Misión San Francisco Javier de Viggé-Biaundó was a Spanish mission in San Javier, Baja California Sur, on the Baja California peninsula. It was built during the colonial era of the Viceroyalty of New Spain.
The site is in present-day Loreto Municipality of Baja California Sur state. The mission was located at . San Francisco Javier mission was founded by Jesuits of the Roman Catholic church in 1699 and closed in 1817.

The missionary's objective was to convert the local Cochimí Native Americans (Indians) to Christianity. A mission church survives and is in use.

==Etymology==
The mission was dedicated to Francis Xavier, a Navarrese Catholic missionary and saint who was a co-founder of the Society of Jesus.

==History==
The Jesuits established Misión de Nuestra Señora de Loreto Conchó in 1697 in Loreto, but it quickly became obvious that the Loreto site had too little water to be suitable for agriculture and, thus, could not become self-sustaining. The Jesuits were told by Cochimi visitors to Loreto of potential agricultural land across the nearby Sierra de la Giganta. In May 1699 Francisco Maria Piccolo, along with a dozen Cochimí guides and ten Spanish soldiers, crossed the mountains on horseback and entered the valley the Indians called Biaundó, about 20 km inland from the Gulf of California. (The other part of the mission's name, Viggé, was the Cochimí word for "mountain.") The inhabitants of a Cochimí rancheria at the site were friendly and Piccolo baptized 30 of their children.

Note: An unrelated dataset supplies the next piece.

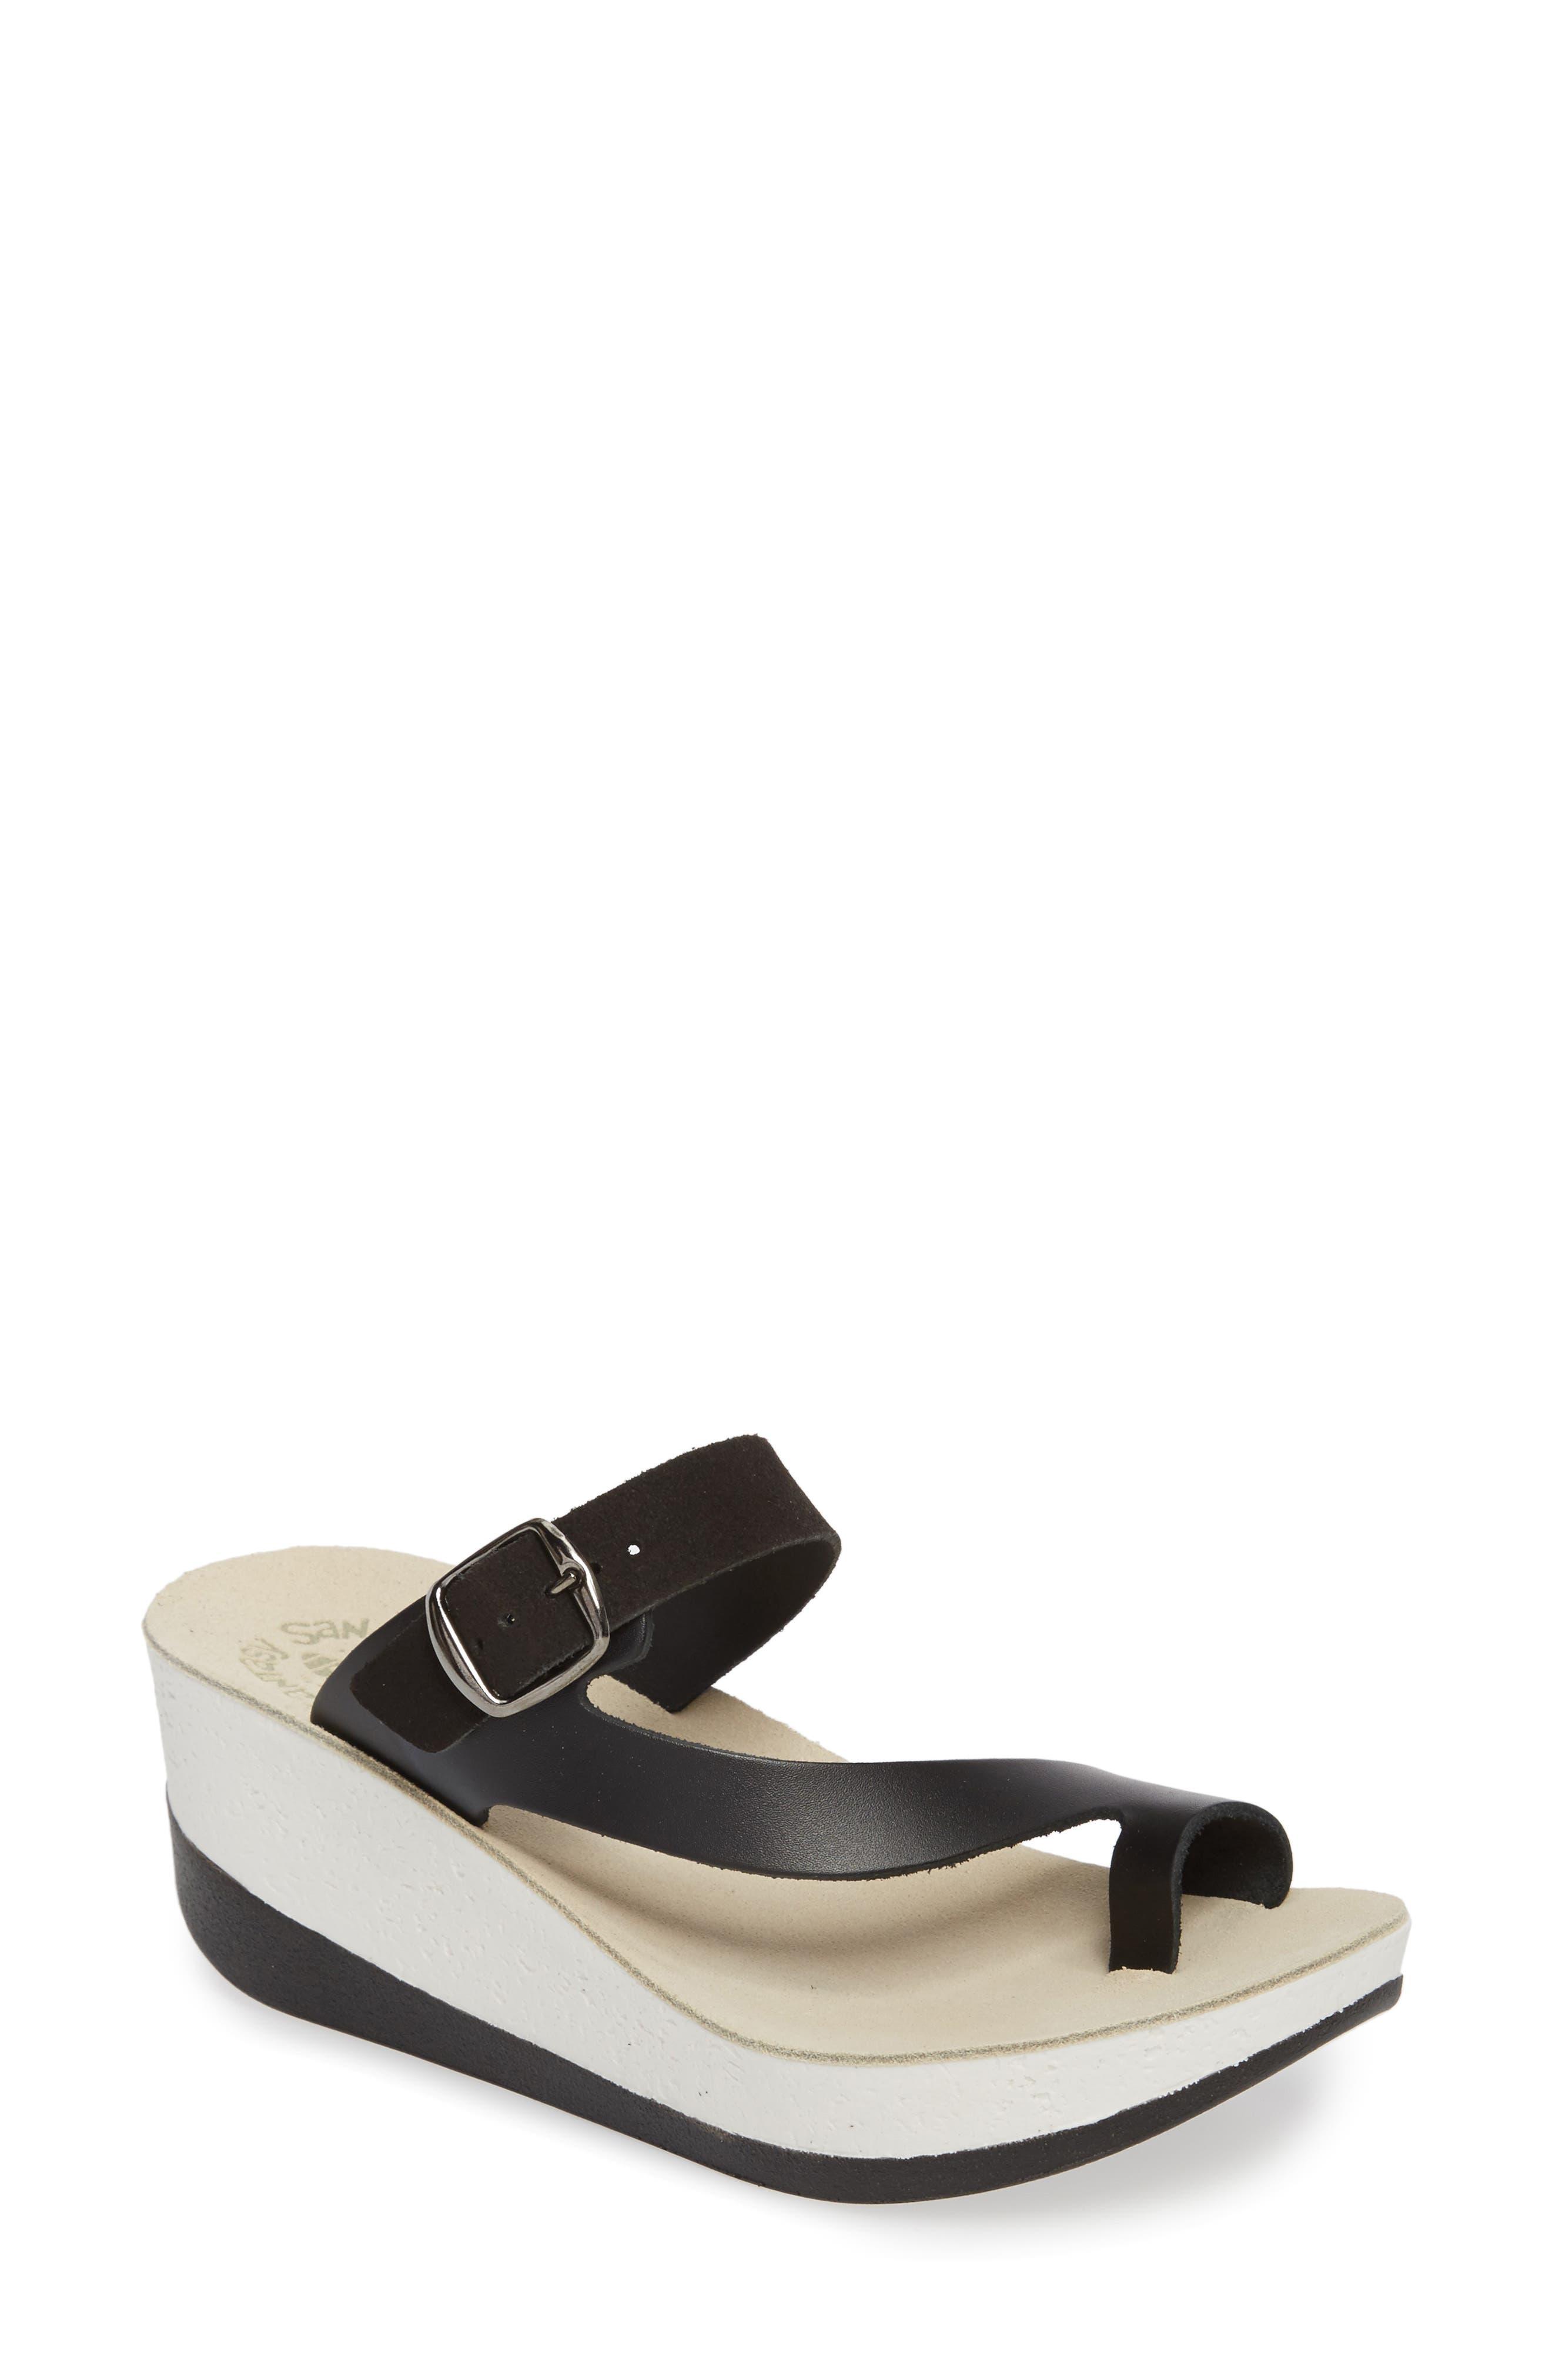 Felisa Wedge Sandal,                         Main,                         color, BLACK LEATHER

In October 1699, Piccolo returned with a contingent of Spanish soldiers and Indian converts and began to construct the mission. Piccolo dedicated the mission on December 3, 1699, and San Francisco Javier (also Xavier) became the second most enduring mission established in Baja California. The mission was abandoned in 1701 because of a threatened Indian revolt, but reestablished by Juan de Ugarte in 1702. However, efforts to grow crops proved unsuccessful due to lack of water for irrigation and in 1710 the mission was moved a few kilometers south to its present location which had a dependable source of water from a spring. The energetic Ugarte constructed dams, aqueducts, and stone buildings. Between 1744 and 1758, Miguel del Barco was responsible for building what has been called "the jewel of the Baja California mission churches."

==Native population==

The Cochimí were nomadic and semi-nomadic hunter-gatherers who dwelt in the austere deserts and mountains of the central portion of the Baja California peninsula. The Cochimí were considered by the Jesuits to be less warlike and more accepting of missions and missionaries than their southern neighbors, the Guaycura and Pericues.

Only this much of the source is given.